SEO optimization Manual (4) control spider Track

Source: Internet
Author: User

Intermediary transaction http://www.aliyun.com/zixun/aggregation/6858.html ">seo diagnose Taobao guest cloud host technology Hall

Sometimes we will encounter such difficulties: we did not want to be the search engine included in the Web site is the search engine "ruthless" included, so long as the Google input a "backstage, management site:www.***.com", their own background address will be revealed undoubtedly, So web site security is also impossible to talk about. When this happens, how can we prevent the search engine from collecting files that we don't want to be included?

Generally at this time, we usually have two methods, one is to edit the robots.txt file, the other is in the page does not want to be included in the head of meta Name= "ROBOTS" label.

The so-called robots.txt file, is every search engine to your site after looking for and access to the first file, robots.txt is your search engine to develop a how to index your site rules. With this file, the search engine can tell which files are indexed and which are rejected in your site.

In many sites, webmasters are ignoring the use of robots.txt files. Because a lot of stationmaster thinks, own website has no secret to say, and oneself also do not use robots.txt grammar very much, so once write wrong will bring more trouble, still might as well simply do not need.

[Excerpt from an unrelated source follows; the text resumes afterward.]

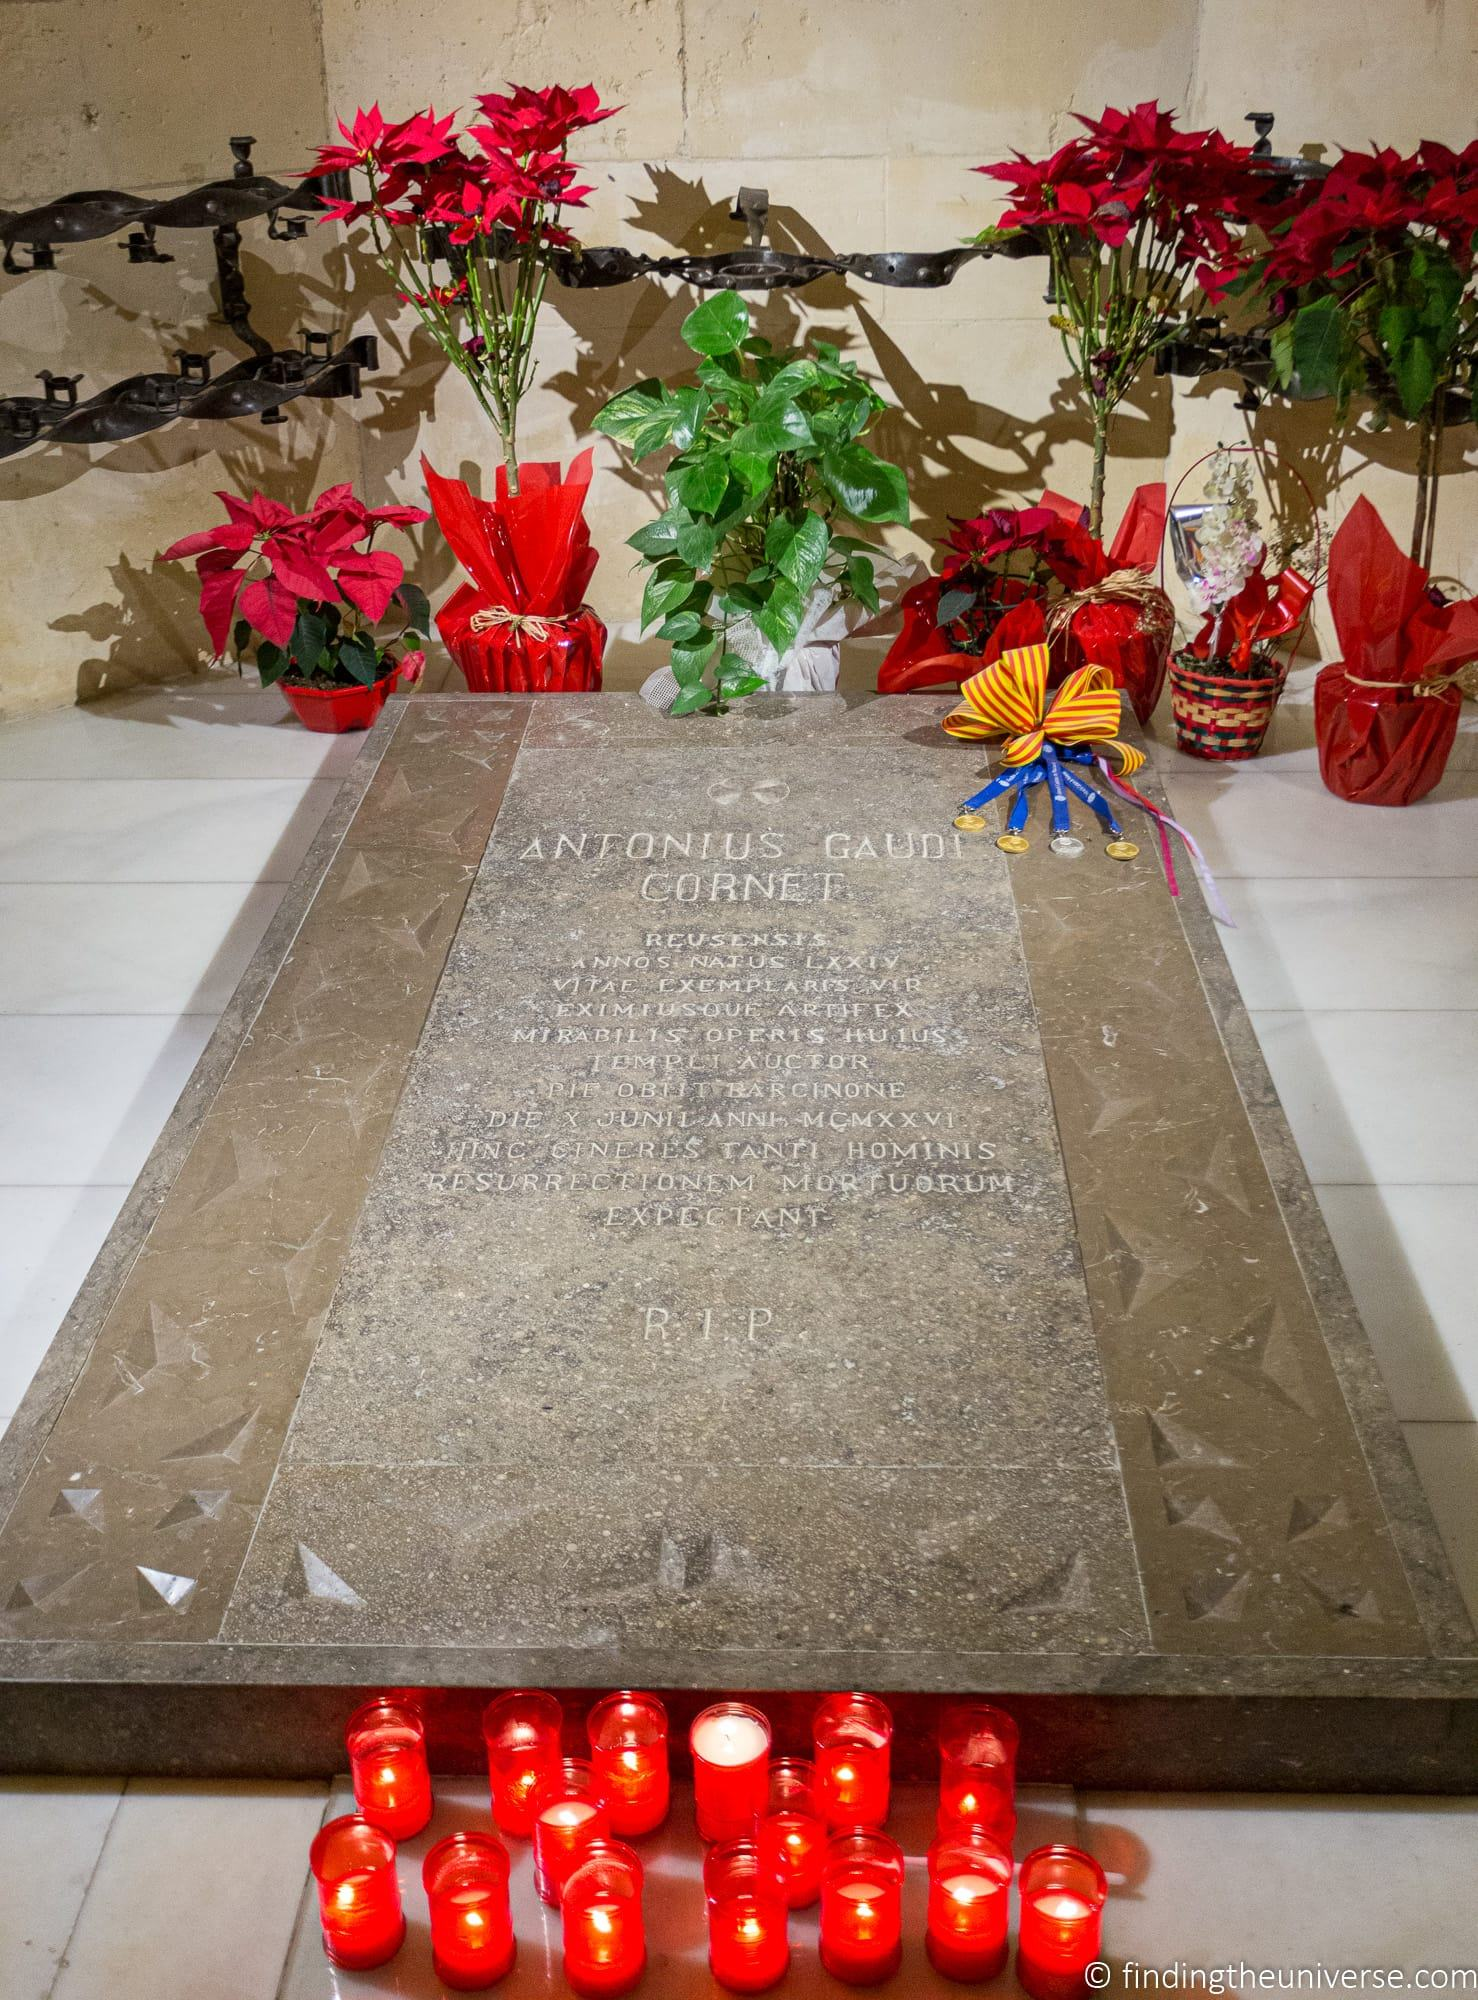 Sagrada Familia tomb of Antoni Gaudi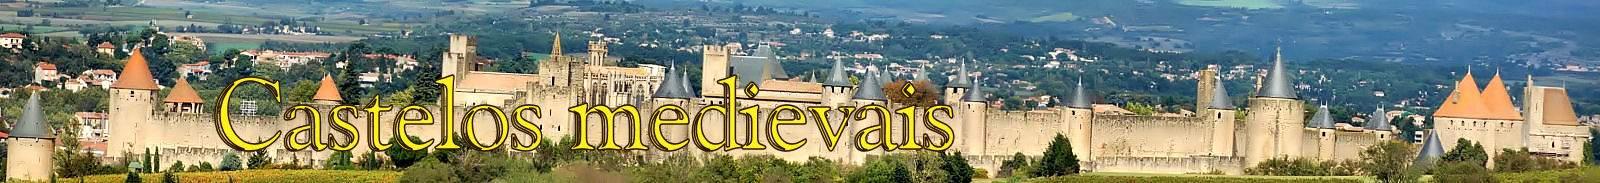 Castelos medievais

In fact, this approach is wrong. In the previous article we know that if a site has a large number of files can not find the time (404), the search engine will reduce the weight of the site. and robots.txt as a spider to visit the first file of the website, once the search engine if cannot find this file, will also record the next 404 information on his index server.

Although in Baidu's help file, there is such a phrase "Please note that only when your site contains content that you do not want to be included in the search engine, you need to use the robots.txt file." If you want search engines to include everything on your site, do not create robots.txt files. "But I personally think that building robots.txt is still necessary, even if the robots.txt file is a blank text document." Because our website is not just will be included in Baidu, but also will be included in other search engines, so, upload a robots.txt file or no harm.

How to write a reasonable robots.txt file?

First we need to understand some basic syntax for the robots.txt file.

Grammatical effects

Writing

Allow all search engines to access all parts of the site

or create a blank text document named Robots.txt

User: *

Disallow:

Or

User: *

Allow:/

Prohibit all search engines from accessing all parts of the site

User: *

Disallow:/

Prohibit Baidu index your website

User-agent:baiduspider

Disallow:/

Prohibit Google from indexing your site

User-agent:googlebot

Disallow:/

Prohibit all search engines except Google from indexing your site

User-agent:googlebot

Disallow:

User: *

Disallow:/

Prohibit all search engines except Baidu to index your site

User-agent:baiduspider

Disallow:

User: *

Disallow:/

Prohibit spiders from accessing a directory

(for example, prevent admin\css\images from being indexed)

User: *

Disallow:/css/

Disallow:/admin/

Disallow:/images/

Allow access to certain specific URLs in a directory

User: *

Allow:/css/my

Allow:/admin/html

Allow:/images/index

Disallow:/css/

Disallow:/admin/

Disallow:/images/

Use "*" to restrict access to a suffix's domain name

For example, index access to all ASP files under Admin directory

User: *

Disallow:/admin/*.htm

Use "$" to allow access only to files with a suffix in a directory

Related Article

Contact Us

The content source of this page is from Internet, which doesn't represent Alibaba Cloud's opinion; products and services mentioned on that page don't have any relationship with Alibaba Cloud. If the content of the page makes you feel confusing, please write us an email, we will handle the problem within 5 days after receiving your email.

If you find any instances of plagiarism from the community, please send an email to: info-contact@alibabacloud.com and provide relevant evidence. A staff member will contact you within 5 working days.

A Free Trial That Lets You Build Big!

Start building with 50+ products and up to 12 months usage for Elastic Compute Service

  • Sales Support

    1 on 1 presale consultation

  • After-Sales Support

    24/7 Technical Support 6 Free Tickets per Quarter Faster Response

  • Alibaba Cloud offers highly flexible support services tailored to meet your exact needs.